* _Data_
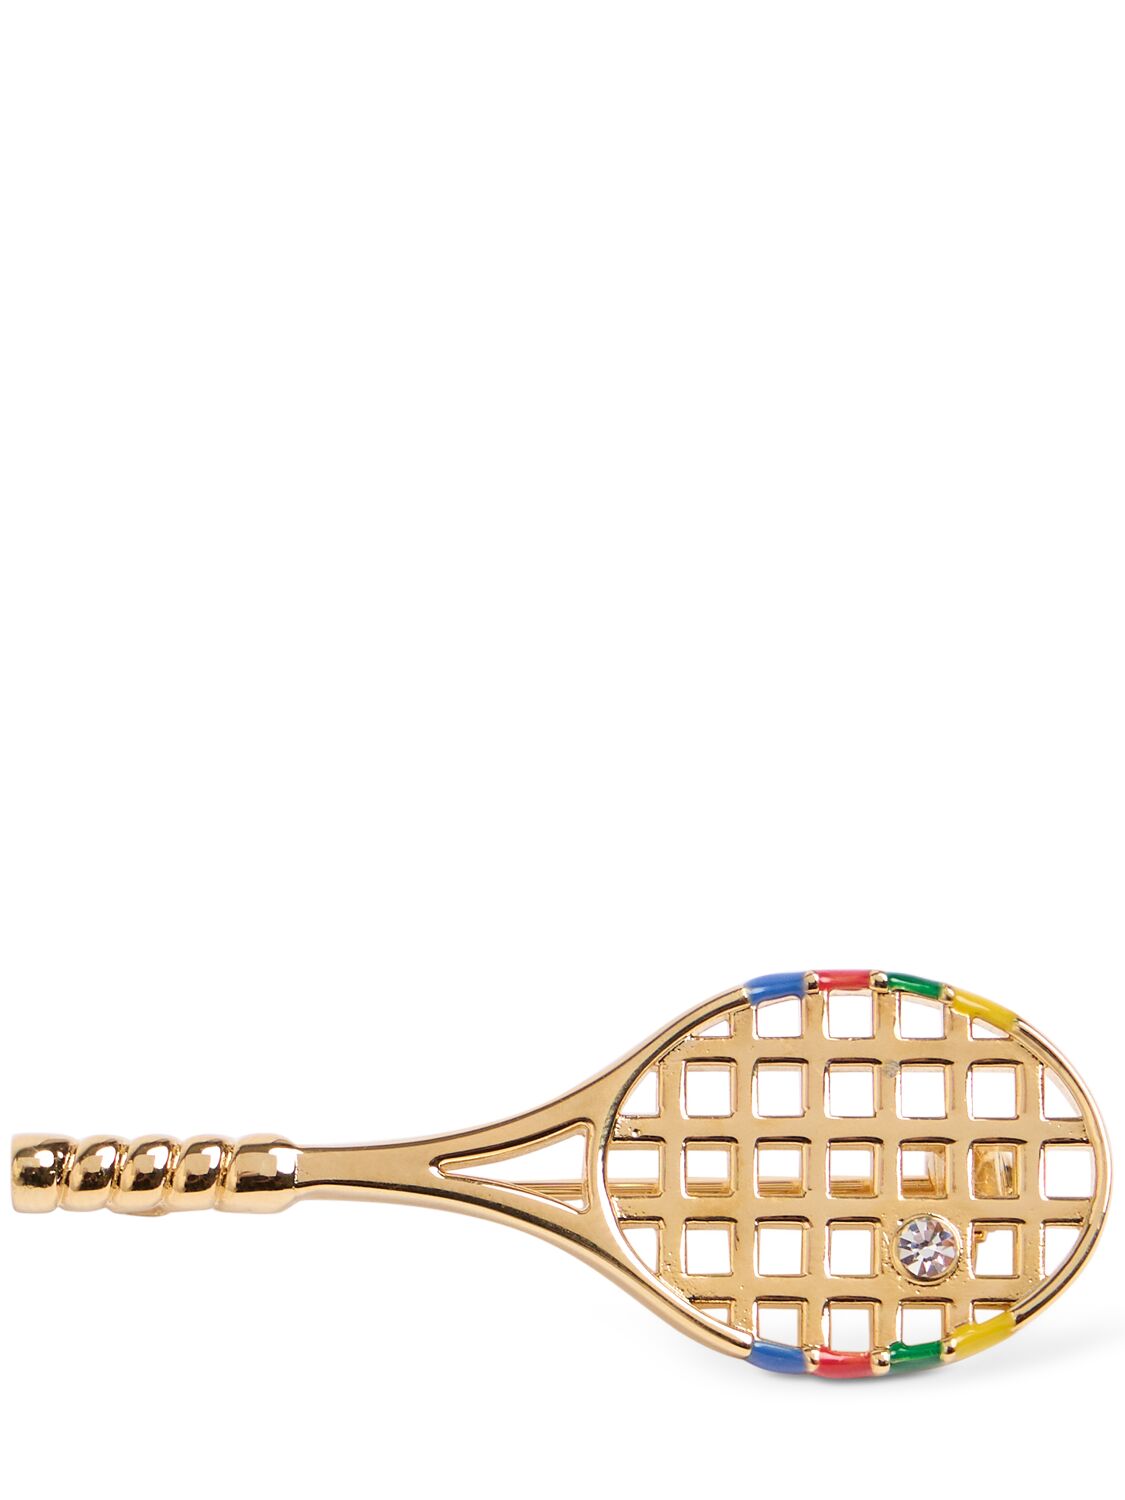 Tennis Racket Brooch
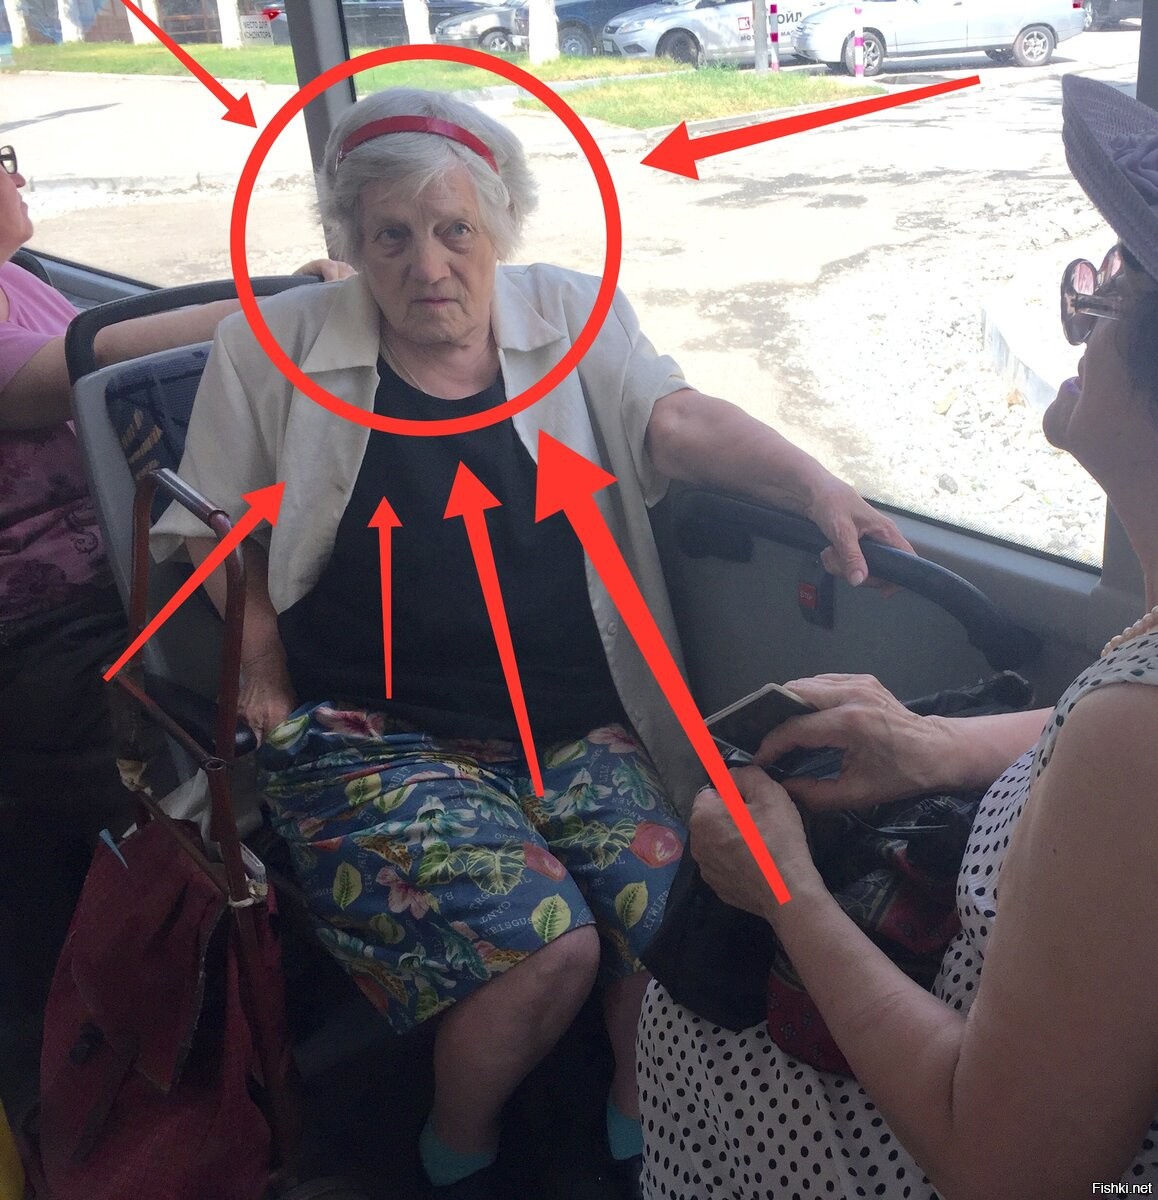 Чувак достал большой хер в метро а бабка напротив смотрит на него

==

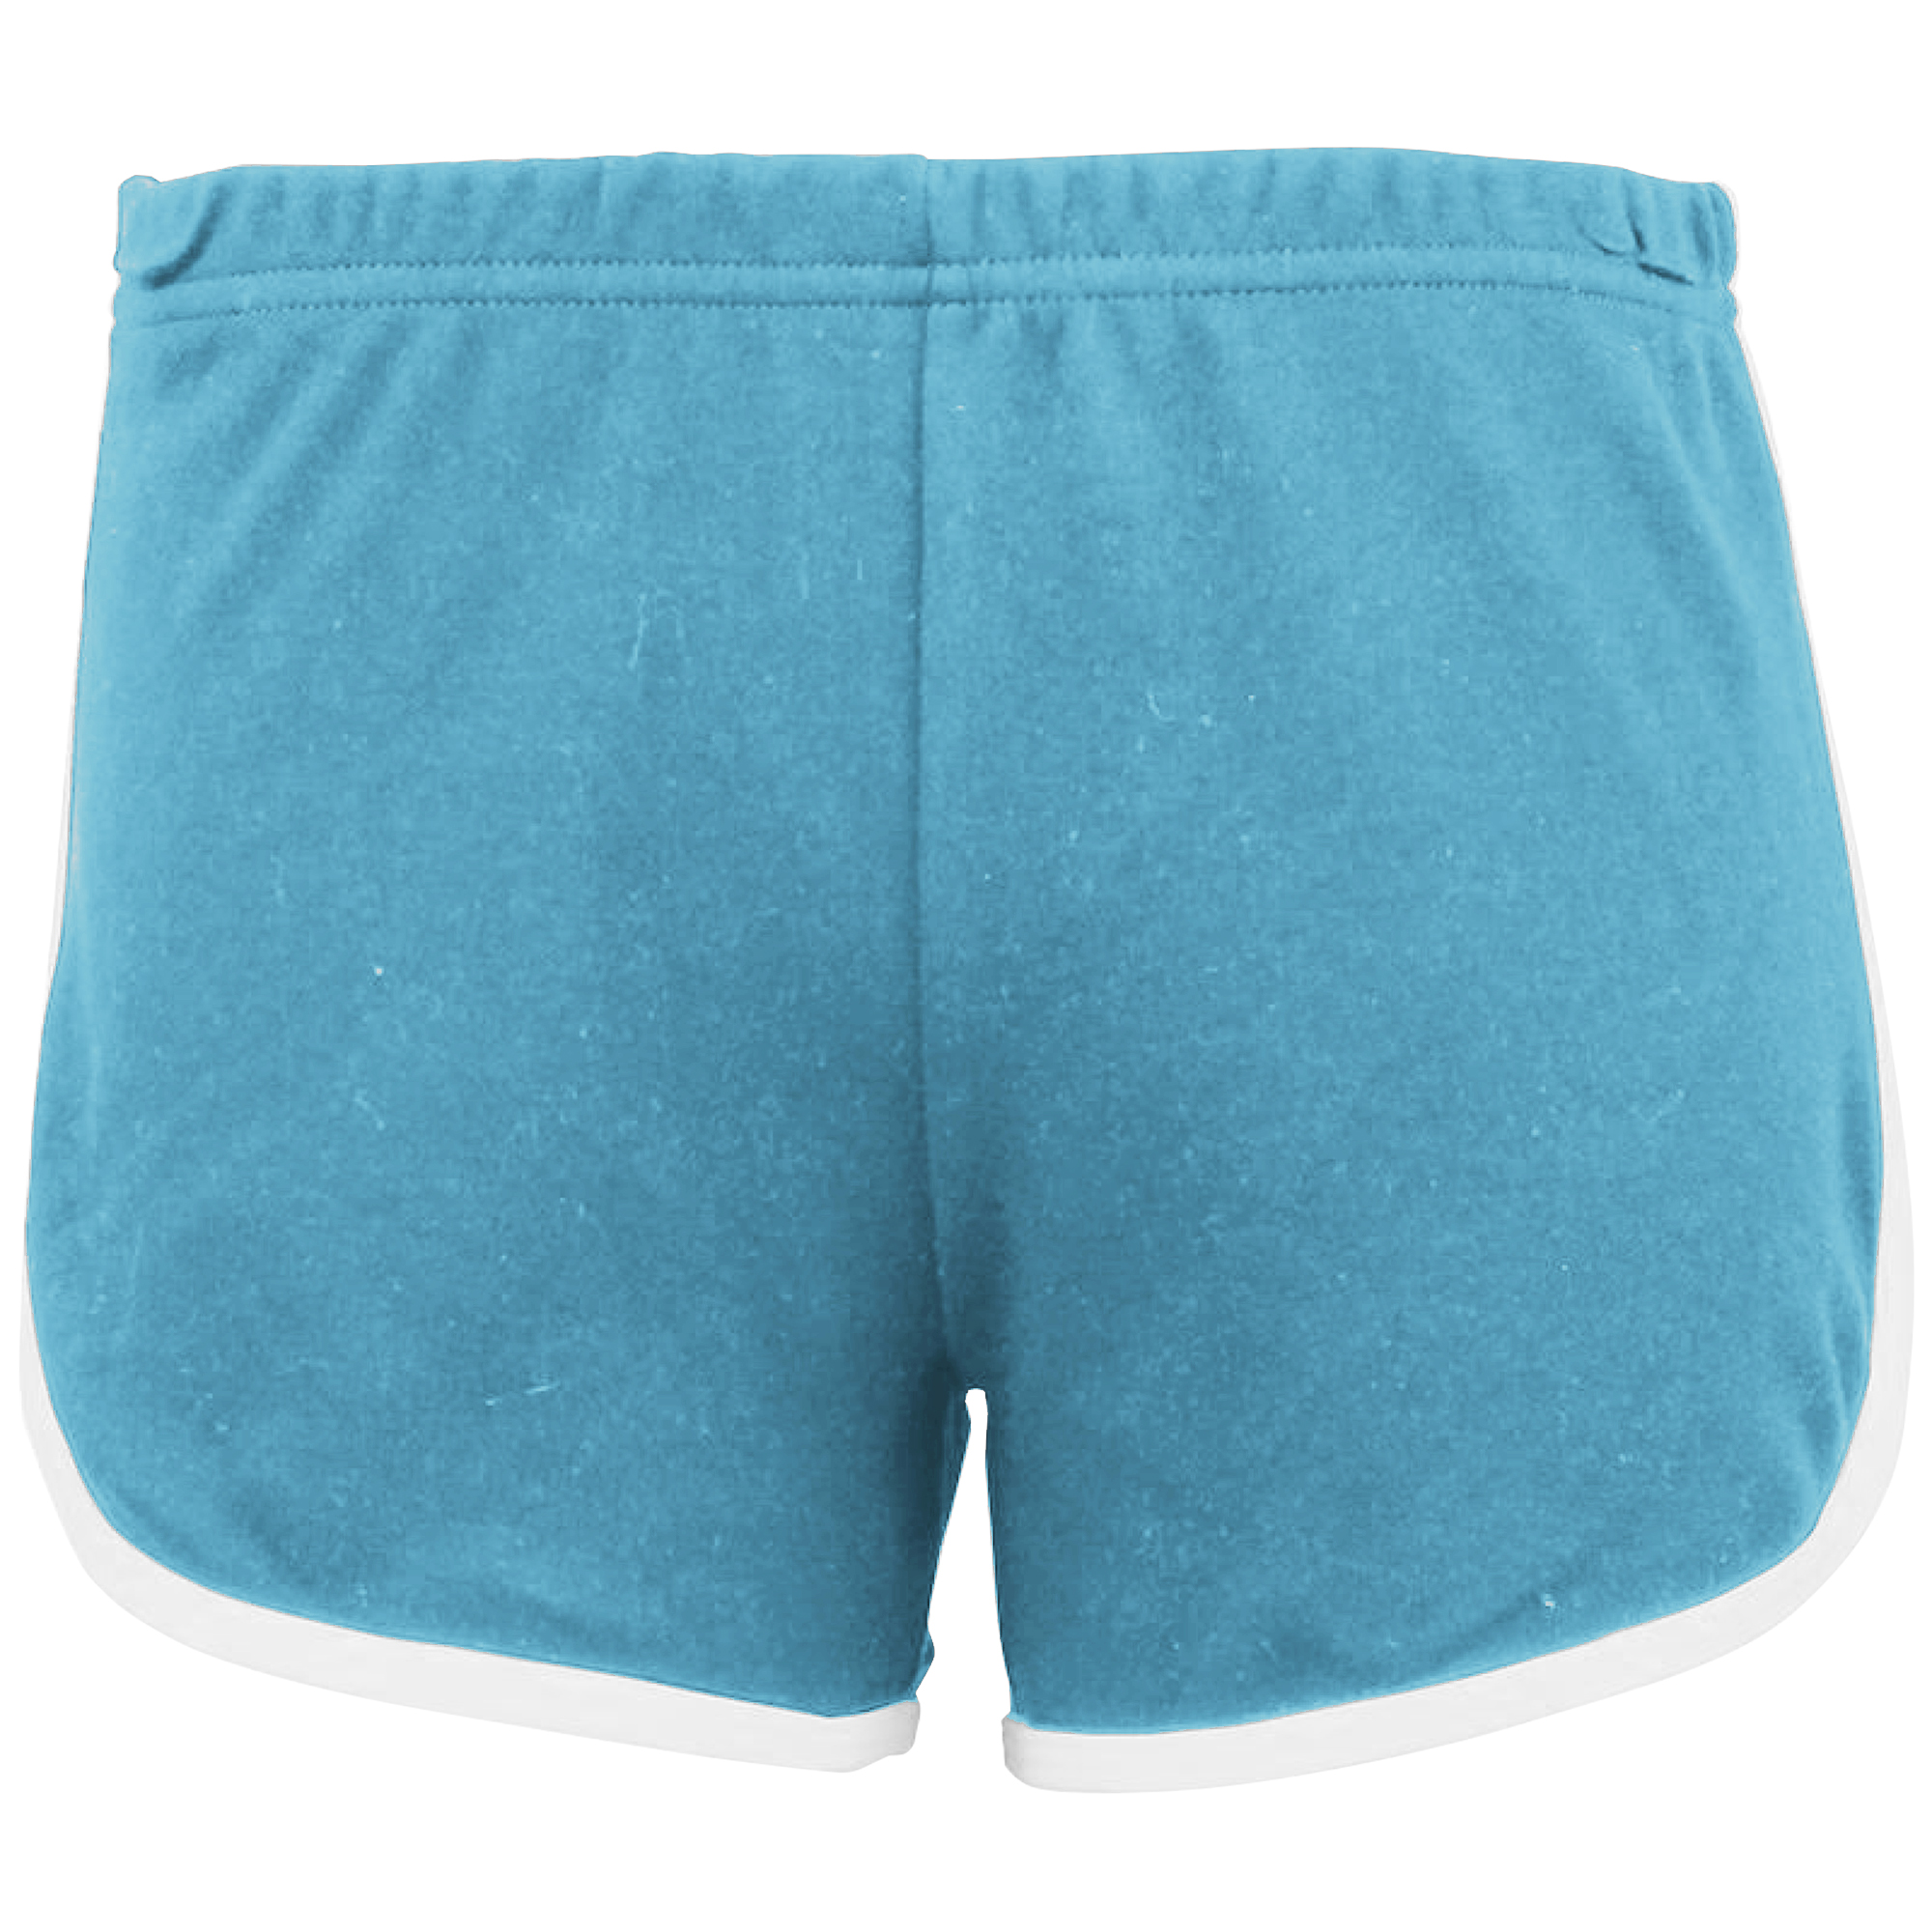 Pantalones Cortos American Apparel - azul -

...

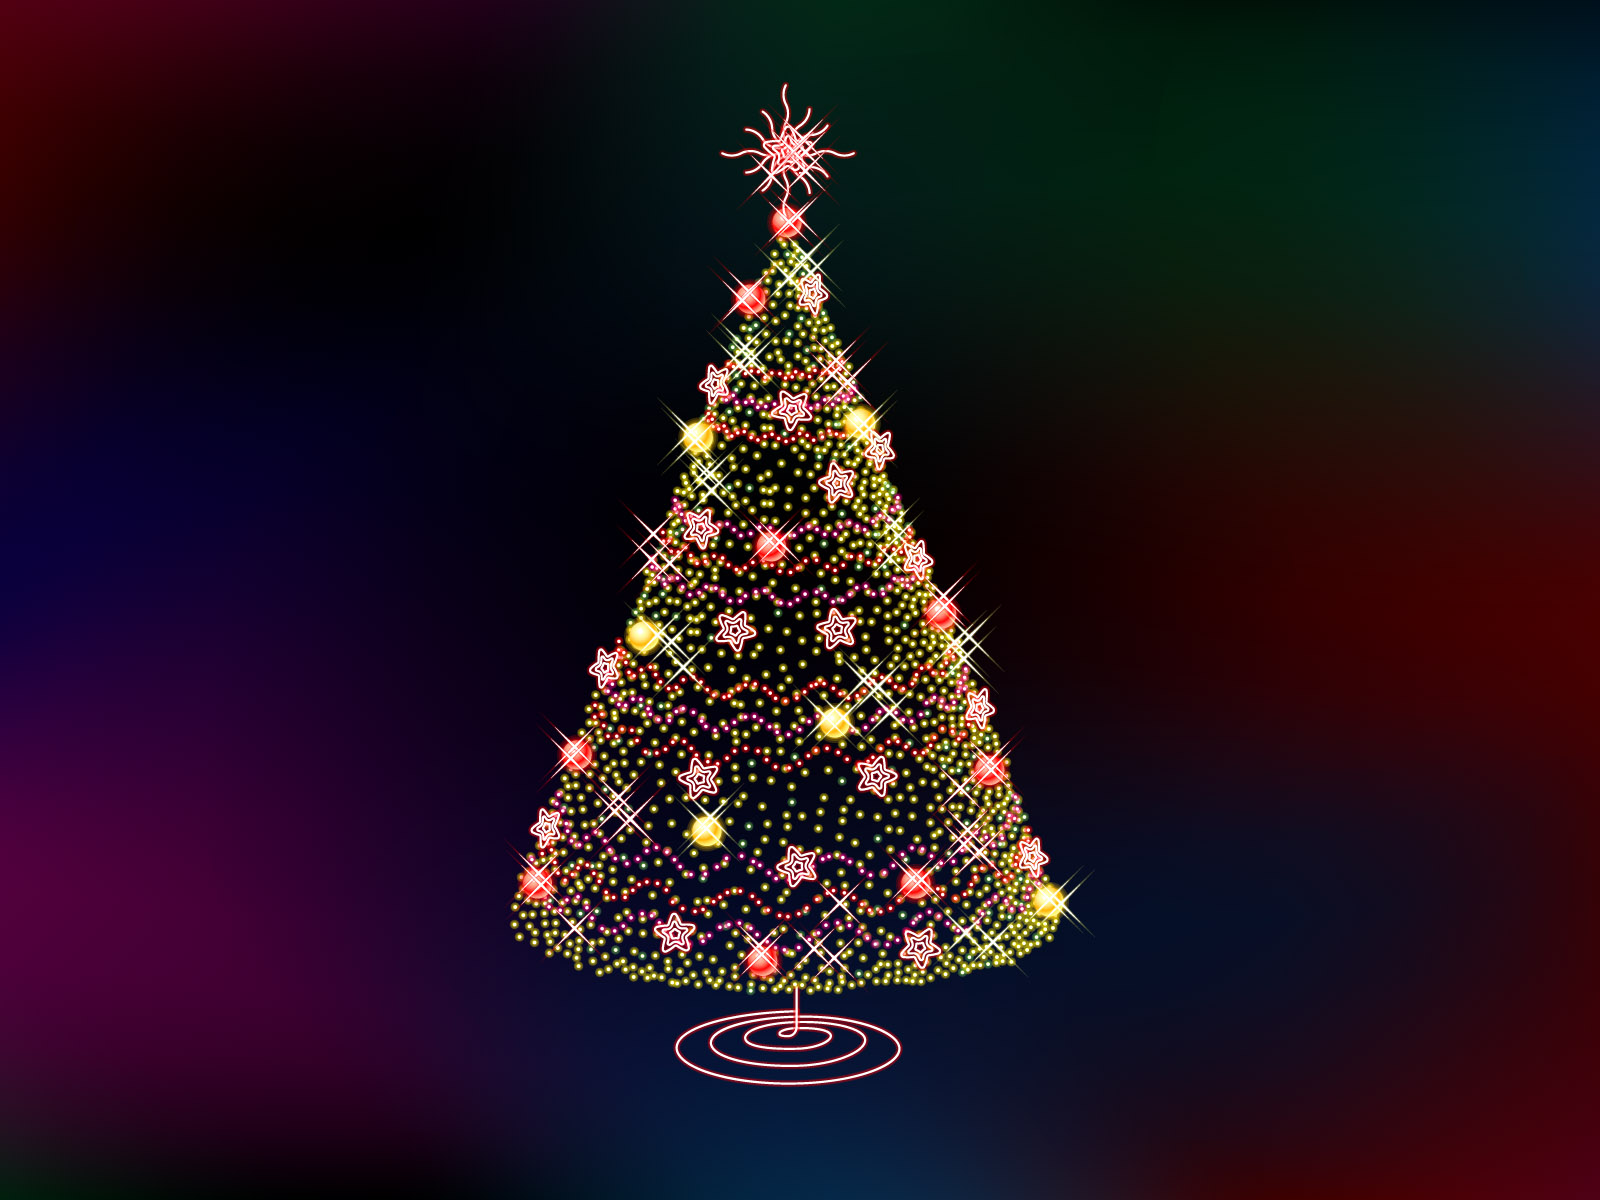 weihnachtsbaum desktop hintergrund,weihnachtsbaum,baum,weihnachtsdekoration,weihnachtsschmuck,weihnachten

* _Exercise brief_
Reproduce the lines above beginning at the line that contains "Tennis Racket Brooch" and ending at the line that contains "Чувак достал большой". No pictures.

* _Output of the exercise_
 Tennis Racket Brooch
 Чувак достал большой хер в метро а бабка напротив смотрит на него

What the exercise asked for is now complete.